PropTech stands for property technology, is a relatively recent movement in the real estate industry. The movement is an innovative approach that uses technology to optimize how consumers and real estate professionals interact with property. PropTech, therefore, leverages digitalization to help property managers, owners, builders, and landlords to manage their assets.
Understanding PropTech
Real estate is one of the largest and most lucrative asset classes in the United States and indeed in many other countries. In fact, it accounts for over 13% of the global GDP.
However, real estate processes are riddled with inefficiencies resulting from a lack of flexibility and automation. Payment and leasing arrangements are tedious and housing markets are often constrained by supply which increases unaffordability.
PropTech seeks to address these issues by allowing property managers, owners, builders, and landlords to manage their assets digitally. This is achieved by various means, including big data, blockchain, construction technology, and drone technology to name a few.
Regardless of the method, digital transformation is enabling real estate businesses to rapidly embrace innovation and increase efficiency in the process.

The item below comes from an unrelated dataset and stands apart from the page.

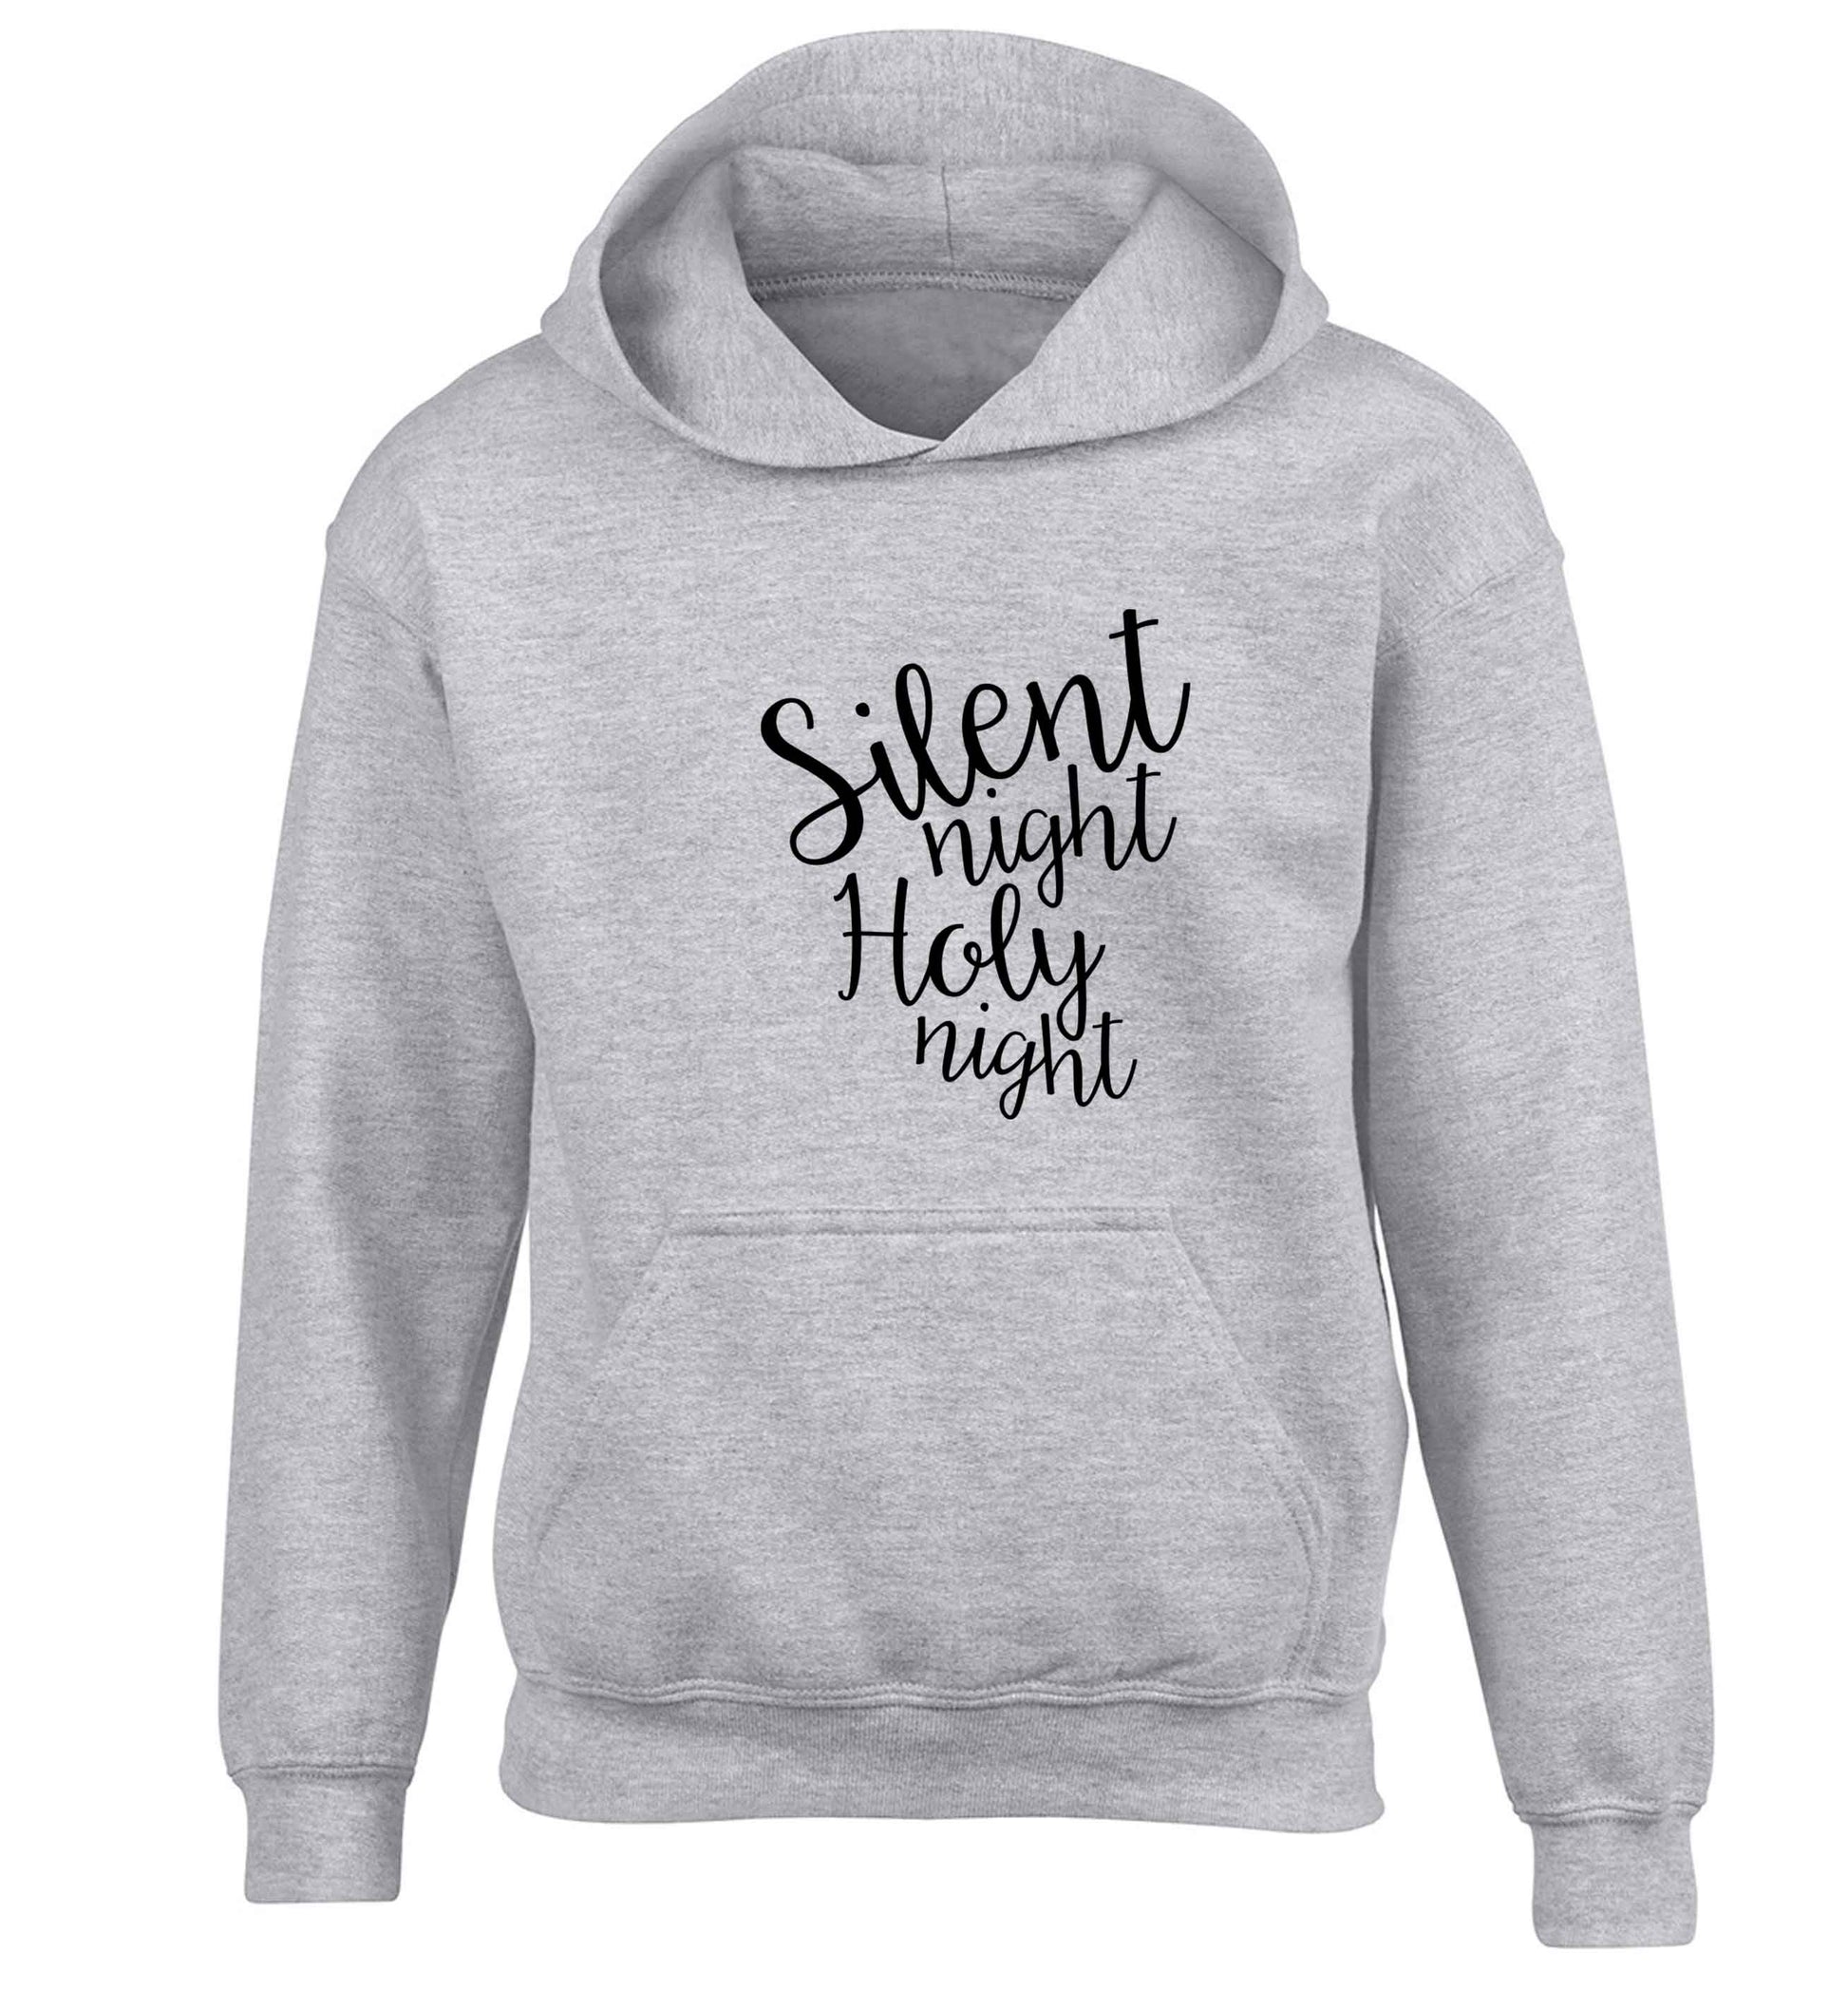 Silent night holy night children's grey hoodie 12-13 Years
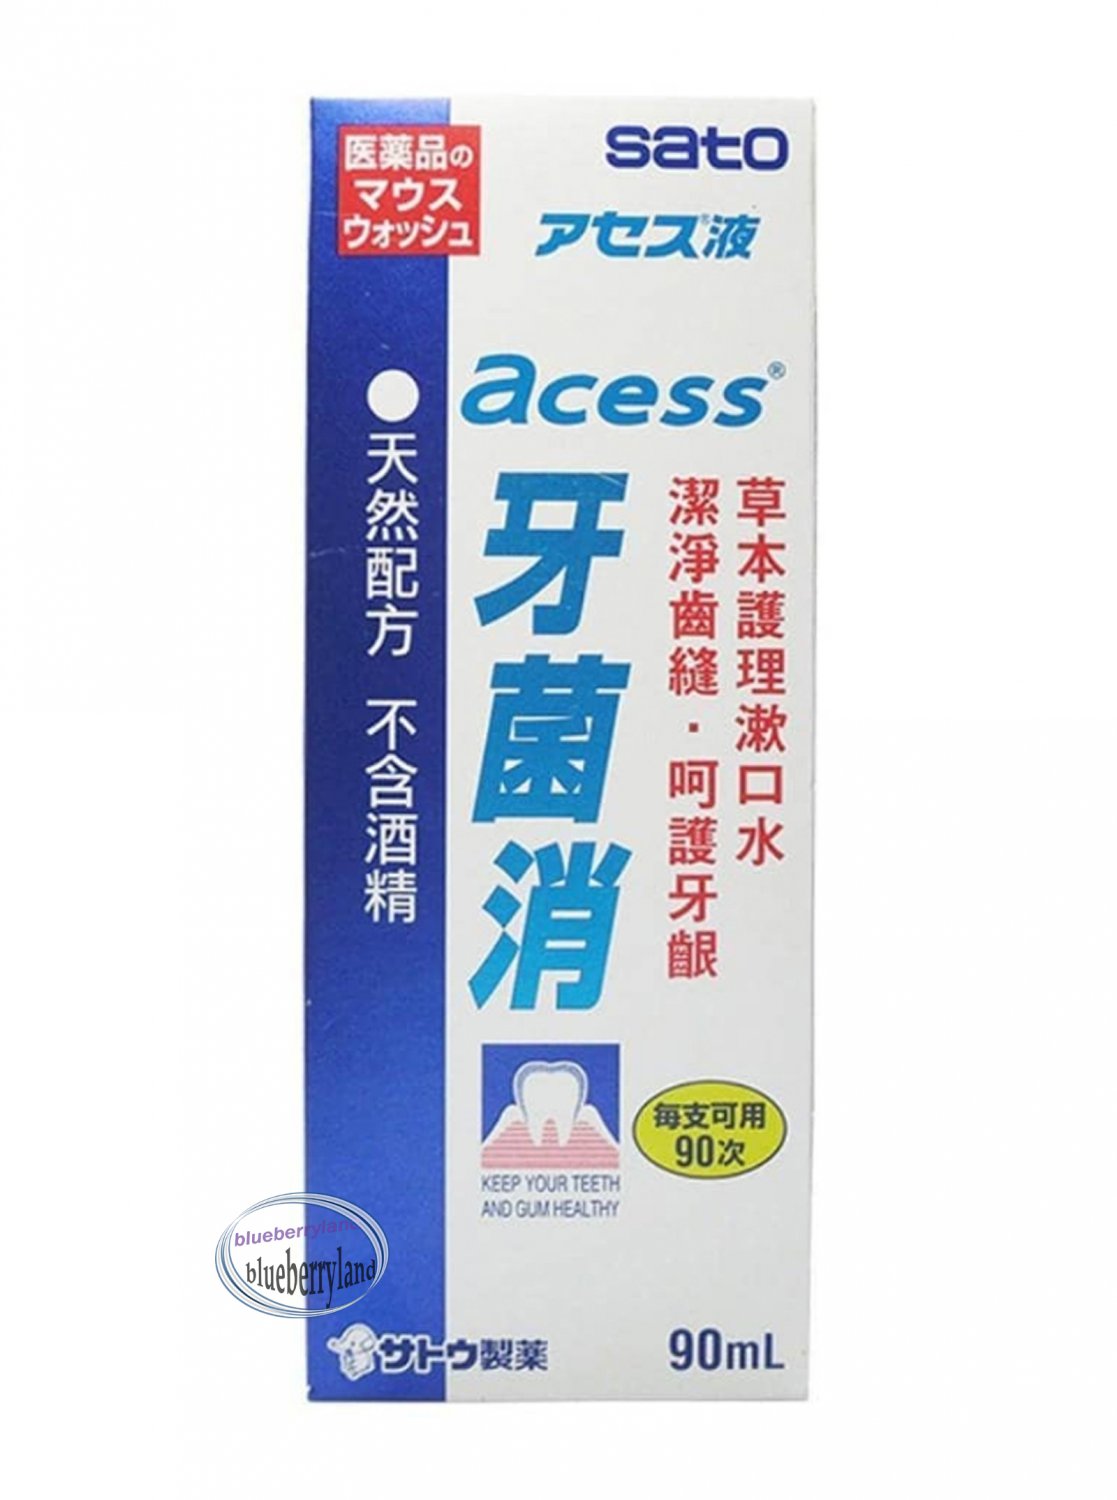 Sato Acess Solution Concentrated Mouthwash 90ml  ä½�è�¤ç��è��æ¶�

Real-world applications of PropTech
Artificial intelligence – developers are now beginning to use AI to identify areas deemed the most profitable to invest in. AI is also being used in building design, where it plays an important role in optimizing spatial layouts.Robotics – several robots have been manufactured specifically for use in the construction industry. Australian company FBR recently released a robot that laid the bricks for a 3-bedroom, 2-bathroom home in under 3 days. The robot could lay 1000 bricks an hour, compared to 400 bricks an hour by a human bricklayer.Virtual and augmented reality – builders are now able to quickly and immersively provide walkthrough experiences for potential clients. This saves time and money in constructing demonstration homes and makes open inspections more efficient.Streamlined office employee solutions – technology now enables office building workers to manage a broad array of functions within a single app. This includes access in the form of a mobile key card, food ordering, and visitor registration.Streamlined property manager/tenant interactions. Through central data portals, property managers can increase the efficiency of building maintenance and alert tenants to service outages. Tenants can use the same portal to make rental payments and submit work orders in a collaborative and transparent manner.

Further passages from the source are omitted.